Our highly configuable pairwise image experiment allows you to present raters with two alternatives, and to ask which one they prefer. Optionally, a third reference image may be shown against which the images will then be compared.

Pairwise comparisons are a popular choice for evaluating the quality of images produced, for example, by compression methods or text-to-image generative models [e.g., 1, 2, 3]. They have been shown to be more efficient than asking raters to evaluate images on an absolute category rating scale [4]. They also make it easier to apply active selection strategies, enabling further efficiency gains.
The pairwise image experiment supports three modes which determine how the images are arranged on the screen. Side-by-side mode presents the images next to each other.
Alternatively, raters can be asked to flip between conditions, in which case the two images are placed on top of each other. This makes it easier for raters to spot differences between the two conditions being evaluated. The reference is displayed separately next to the two conditions.
Finally, raters an be asked to flip between the reference and conditions, in which case all three images are stacked on top of each other. This makes it easier for raters to spot differences between the conditions and the reference.
If disabled, no reference image is shown even if one is provided in the dataset. If enabled, a reference image is shown when available in the dataset.
If enabled, raters are allowed to respond that they find both images equally preferable. Whether or not allowing ties is beneficial depends on the data and the rater pool.
Images may be cropped for practical reasons if the full-resolution images do not fit on the screen, and you do not wish to scale them down. Another reason why you may wish to crop images is to learn more about where a rater focused their attention when making a decision. Image compression methods, for example, often perform differently on different parts of an image.

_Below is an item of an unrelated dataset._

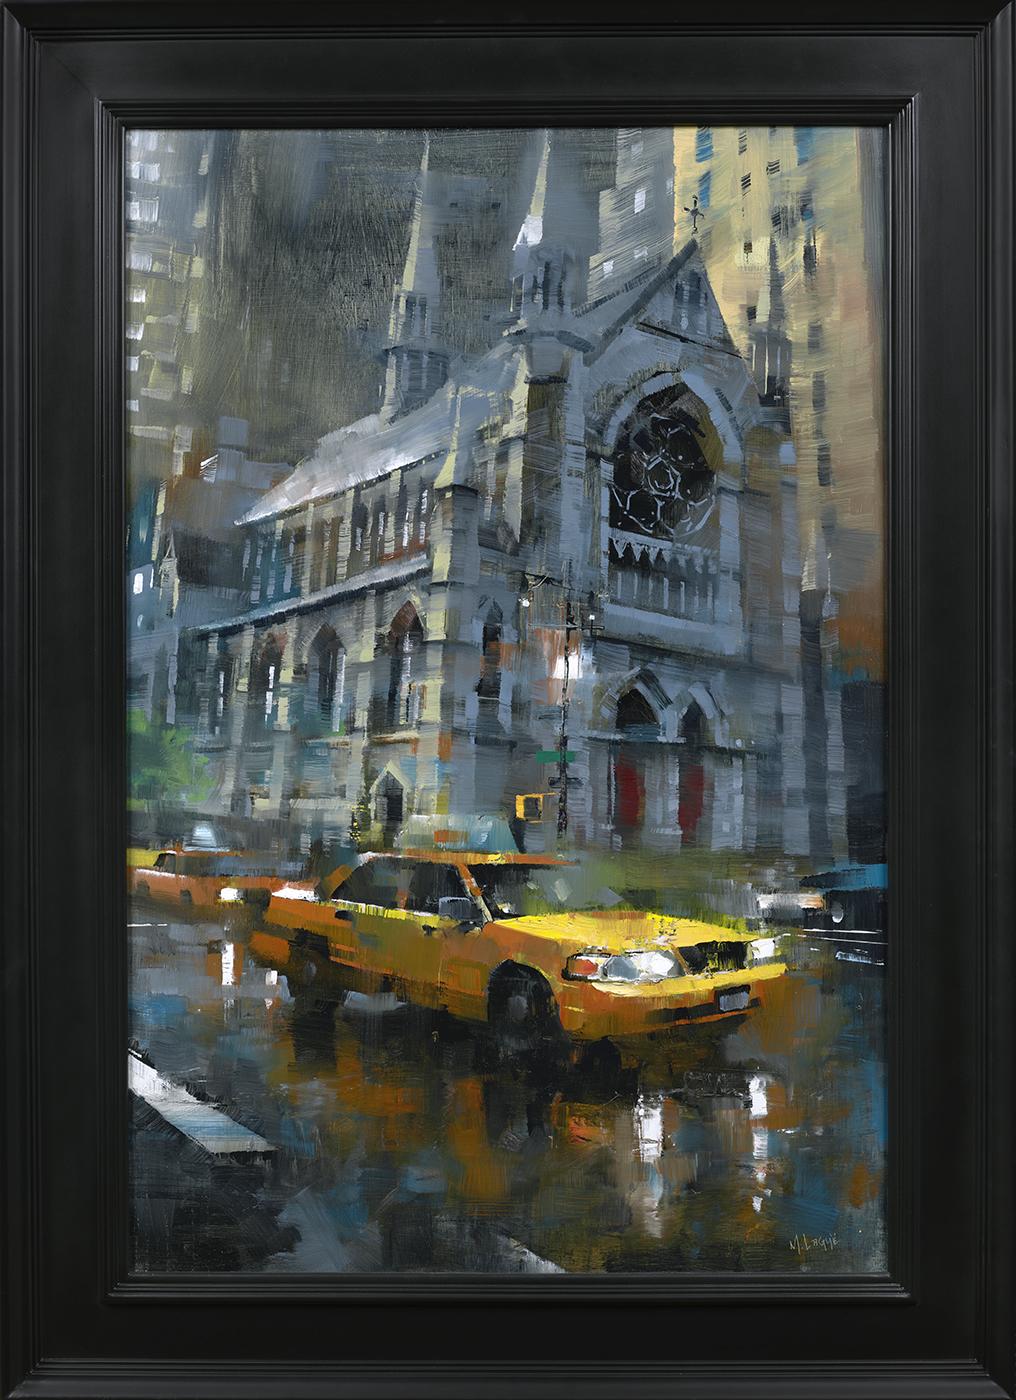 mark_lague_ml1047_holy_trinity_rain_framed.jpg

If you do not wish to crop images, set the maximum crop size to a value larger than the largest image in your dataset. To give you an idea of the available space, raters are pre-screened for a screen resolution of 1300x750 pixels (only counting the interior height of the browser window) by default.
The initial crop is chosen uniformly at random from all possible crops. Raters can request a different random crop if you enable the option to allow crop refresh.
Panning allows raters to click and drag an image to select a different crop.
Zooming allows raters to increase the size of an image, making it easier to inspect details. By default, the available zoom levels are 1x, 2x, and 4x and the initial zoom level is set to 1x.
When scaling images, browsers need to choose an algorithm. This algorithm can be controlled with the image rendering property. For example, setting it to pixelated results in nearest-neighbor scaling. Note that even at 1x zoom, browsers may need to scale images if physical pixels do not correspond to CSS pixels. This is the case, for example, with retina displays.
[1] Li et al. (2018). StoryGAN: A Sequential Conditional GAN for Story Visualization.
[2] Mentzer et al. (2020). High-Fidelity Generative Image Compression.
[3] Otani et al. (2023). Toward Verifiable and Reproducible Human Evaluation for Text-to-Image Generation.
[4] Mantiuk et al. (2012). Comparison of four subjective methods for image quality assessment.